When you copy the material below, keep every line exact and omit the pictures.

**The data**
------------------------------------------------
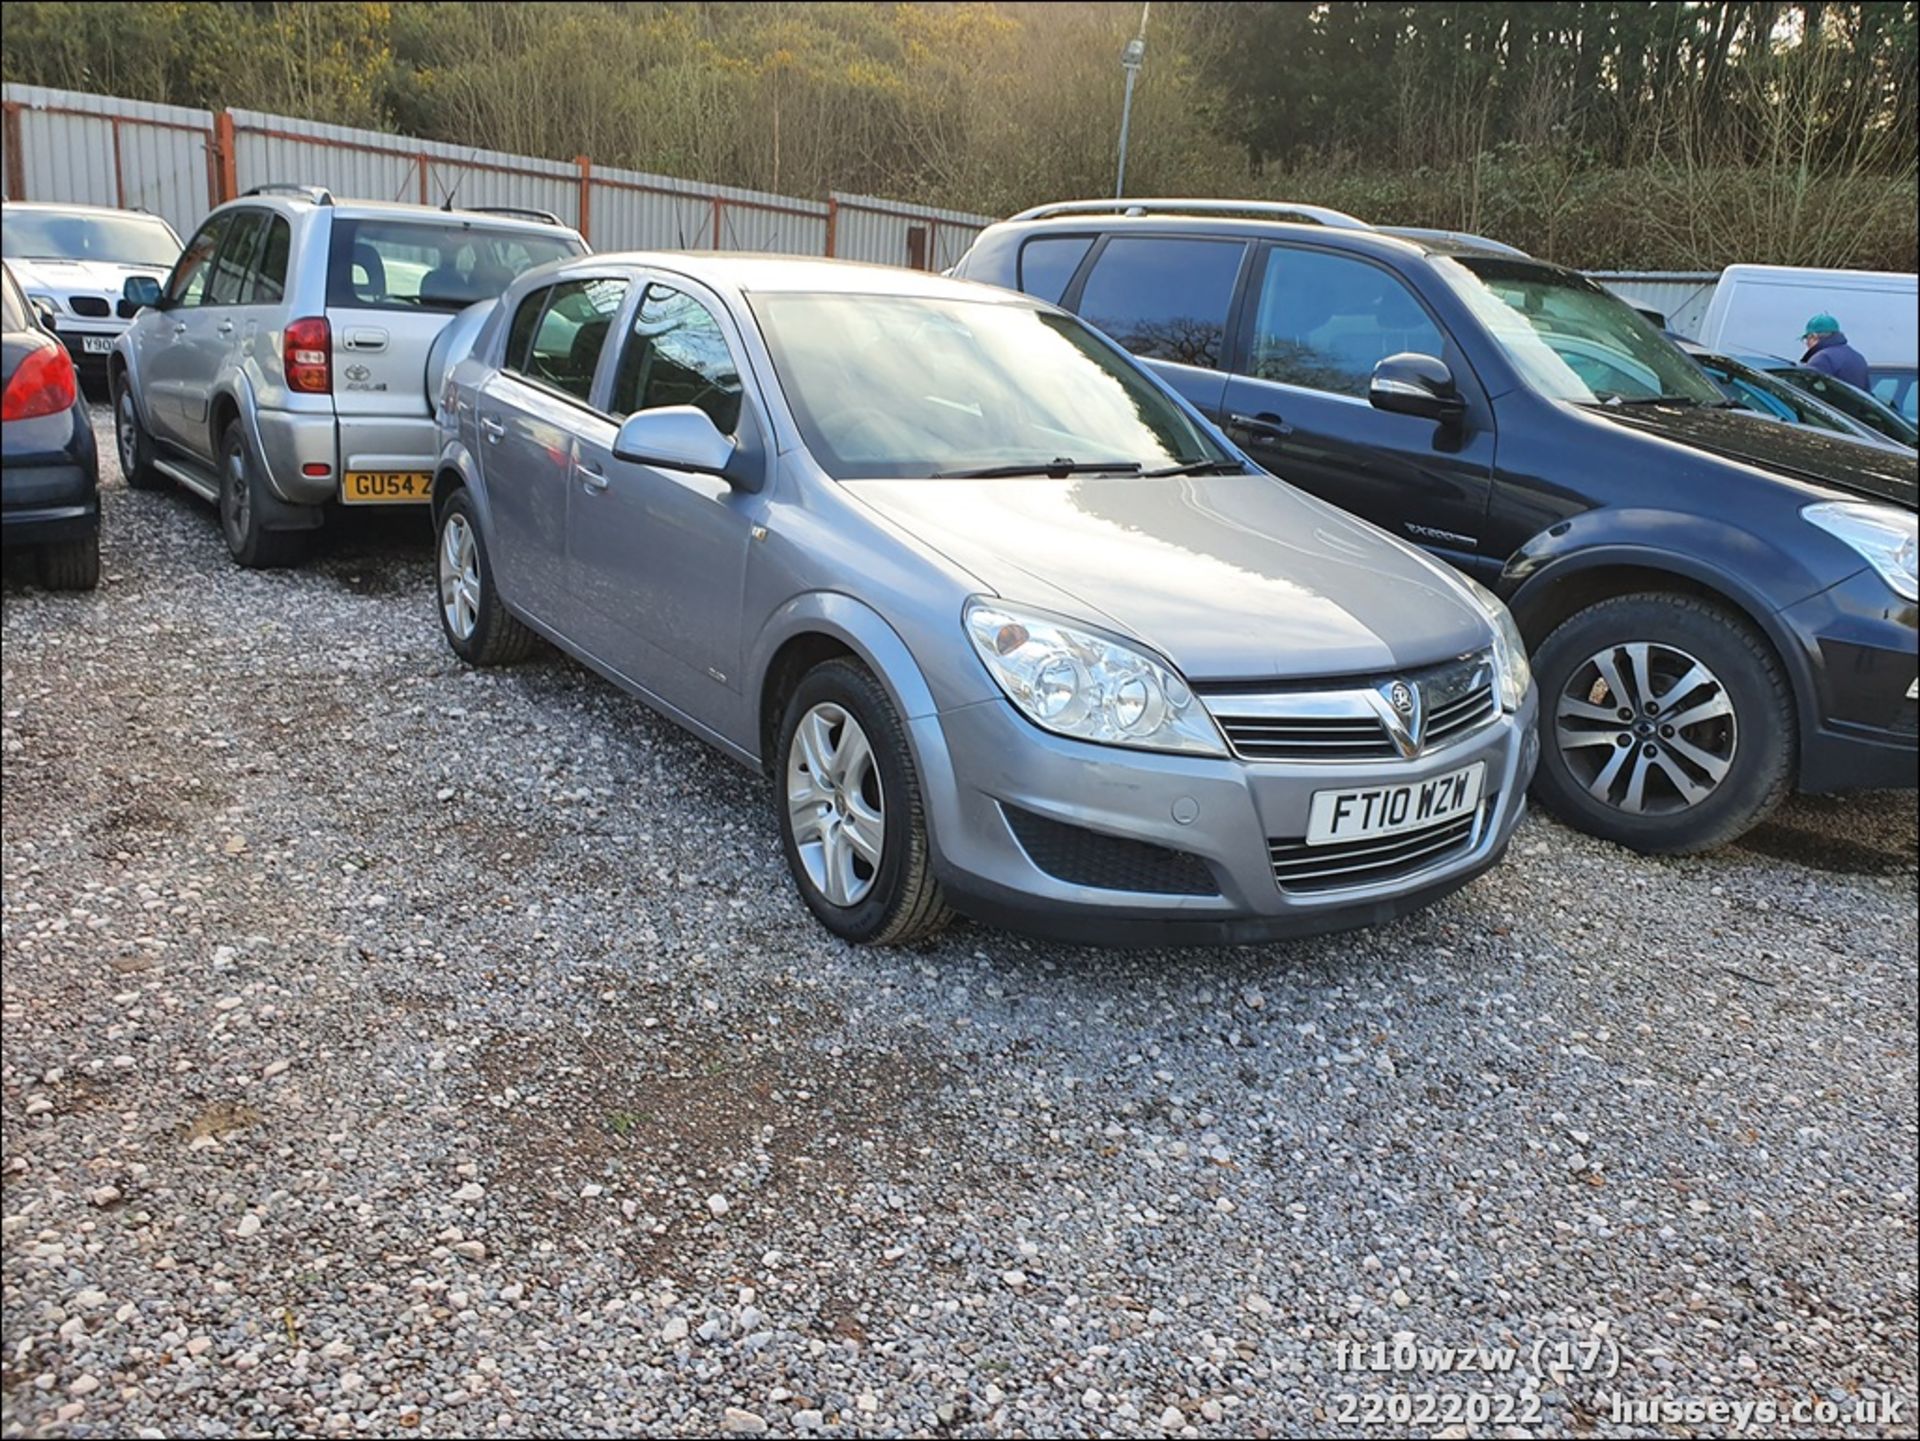 10/10 VAUXHALL ASTRA CLUB - 1364cc 5dr Hatchback (Silver) - Image 18 of 29
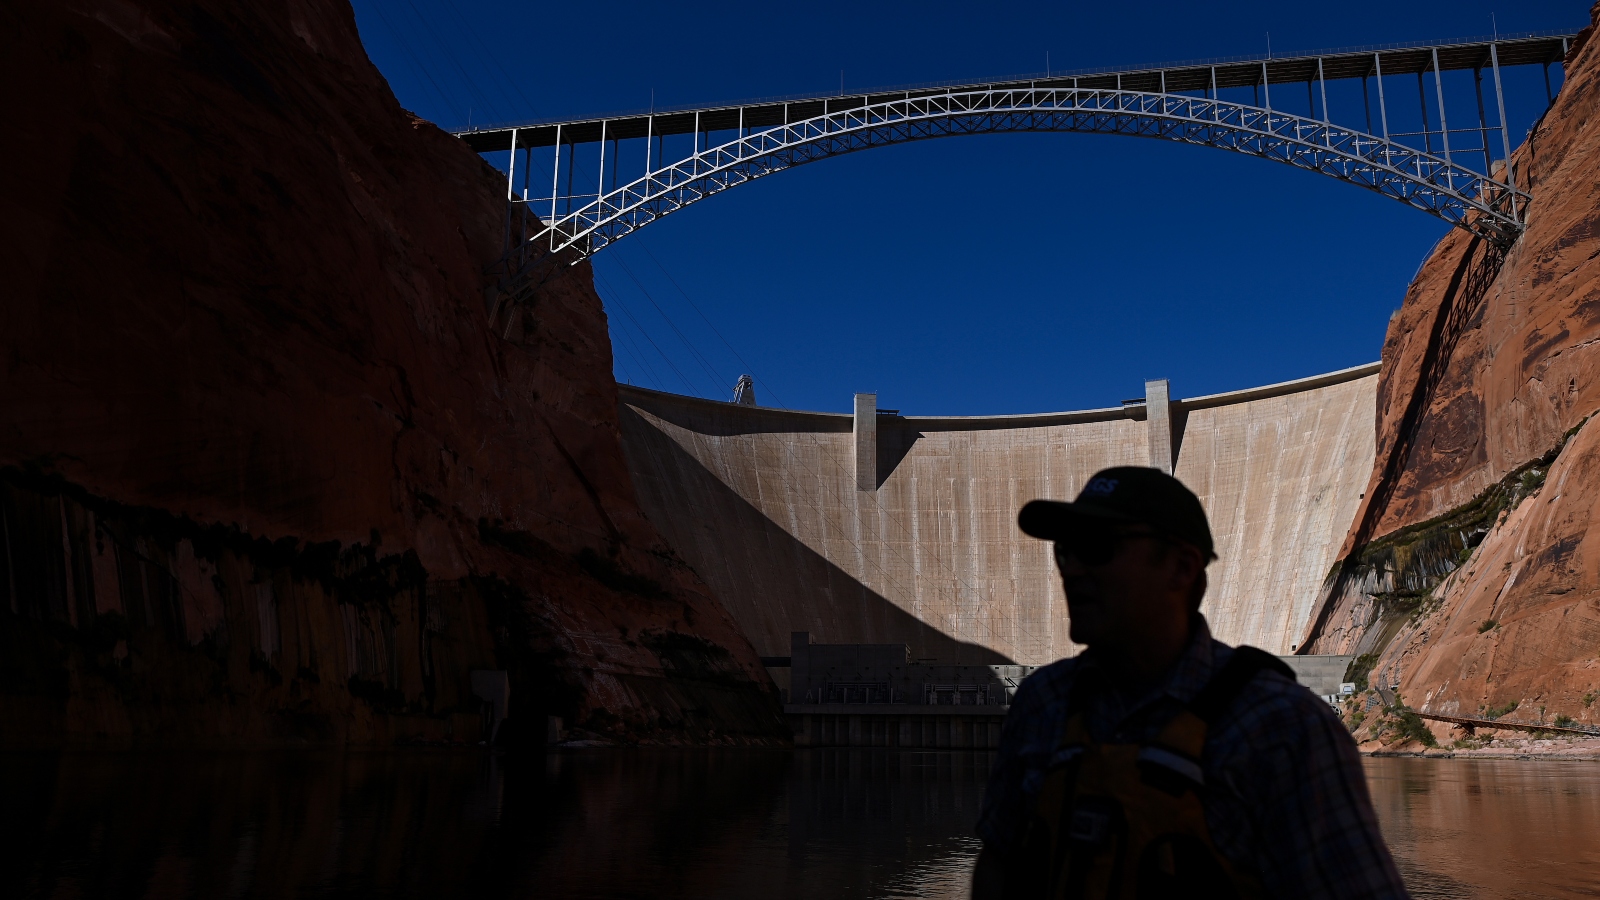 Research ecologist Ted Kennedy drives his boat along the Colorado River as the Glen Canyon Dam is seen in the background.
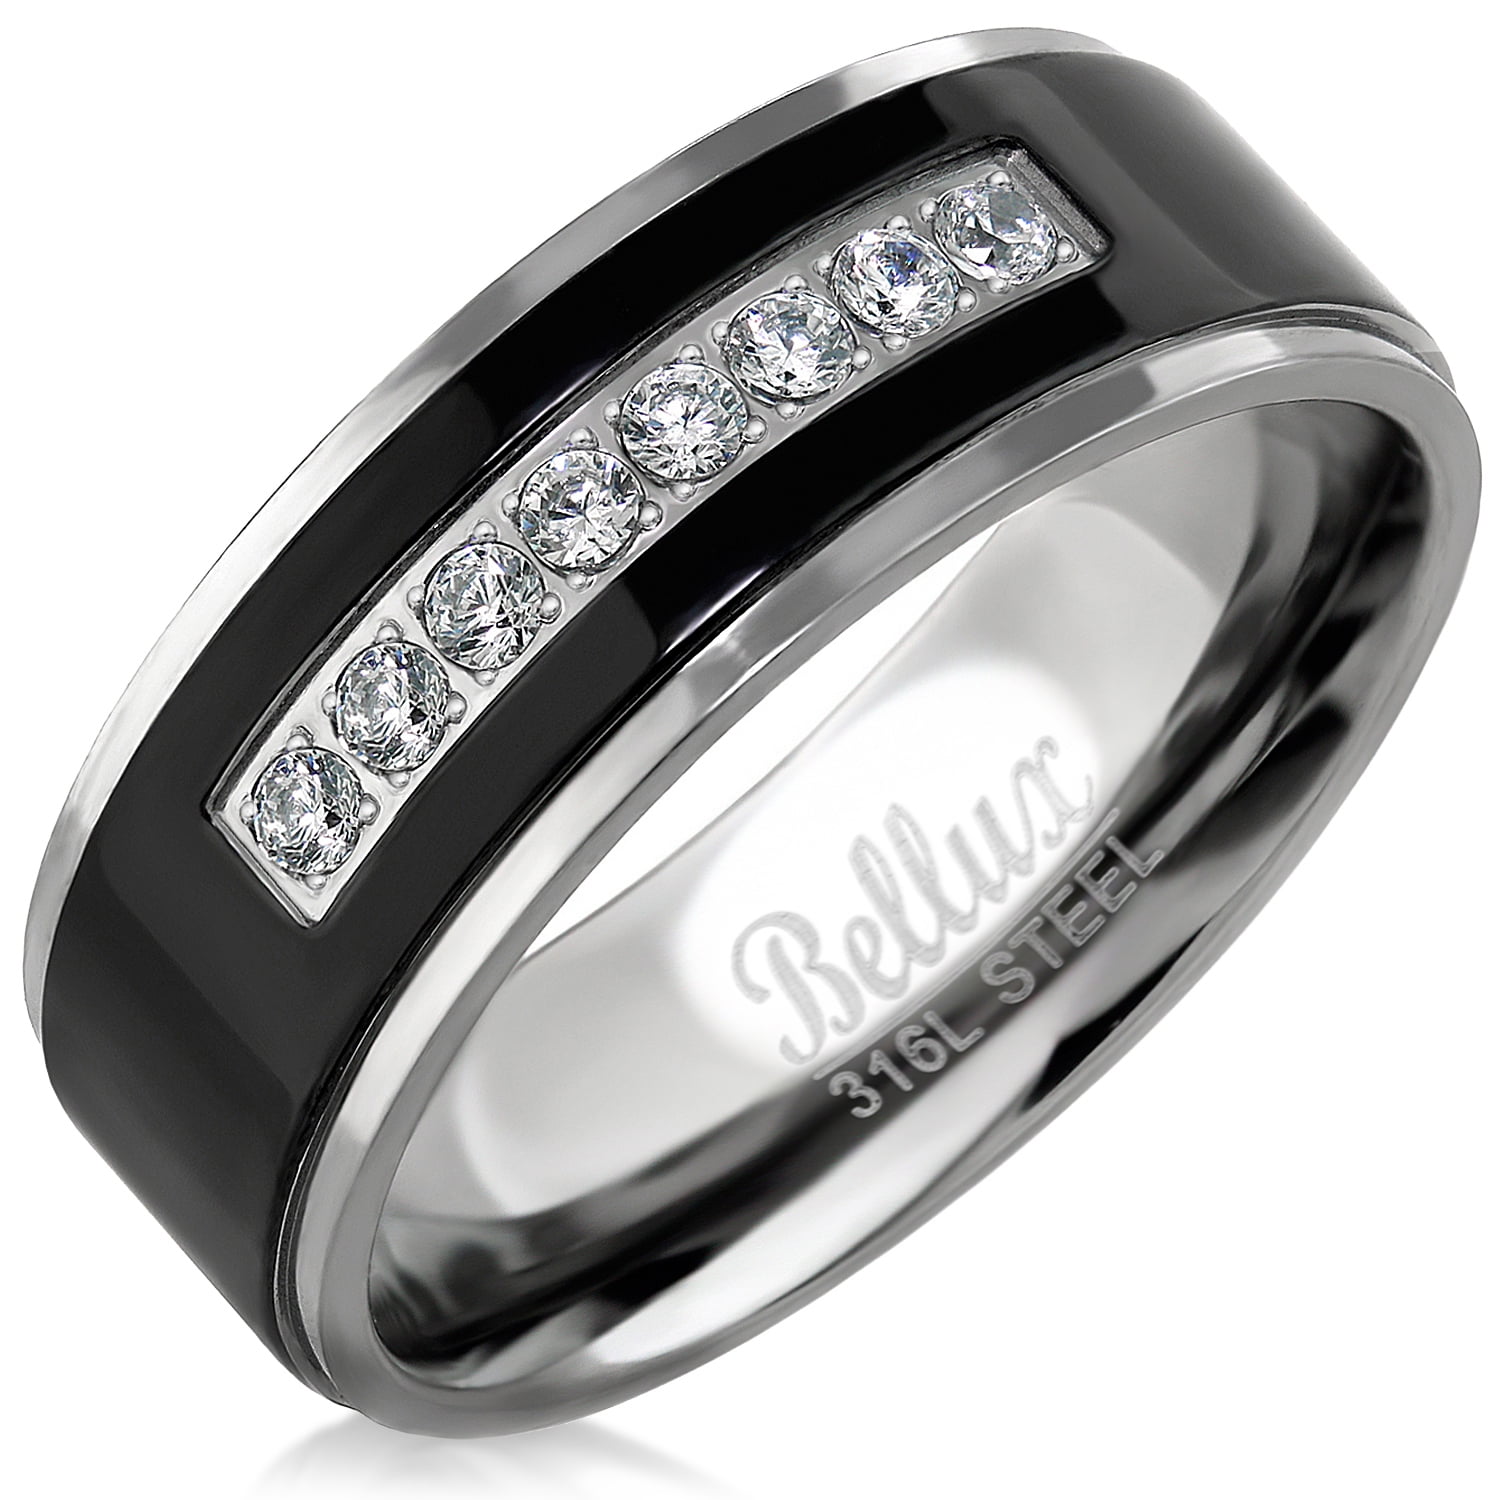 Bellux Style - Mens Wedding Bands Stainless Steel Promise Rings for Him
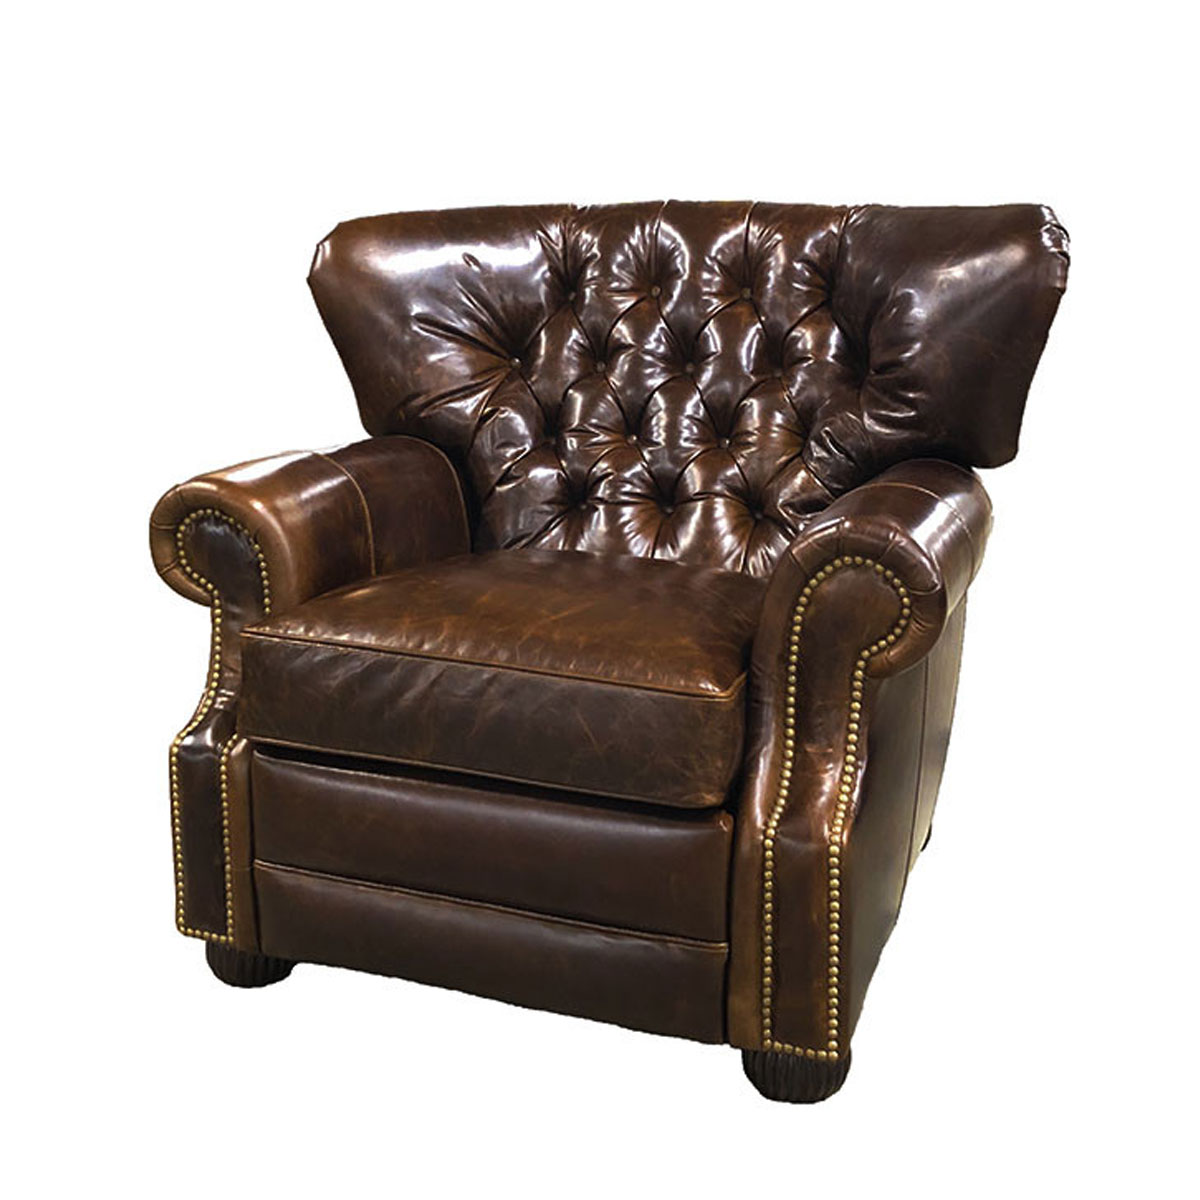 200 Augusta Recliner by CC Leather
------------------------------------------------
**Result of the exercise**
 10/10 VAUXHALL ASTRA CLUB - 1364cc 5dr Hatchback (Silver) - Image 18 of 29
 Research ecologist Ted Kennedy drives his boat along the Colorado River as the Glen Canyon Dam is seen in the background.
 Bellux Style - Mens Wedding Bands Stainless Steel Promise Rings for Him
 200 Augusta Recliner by CC Leather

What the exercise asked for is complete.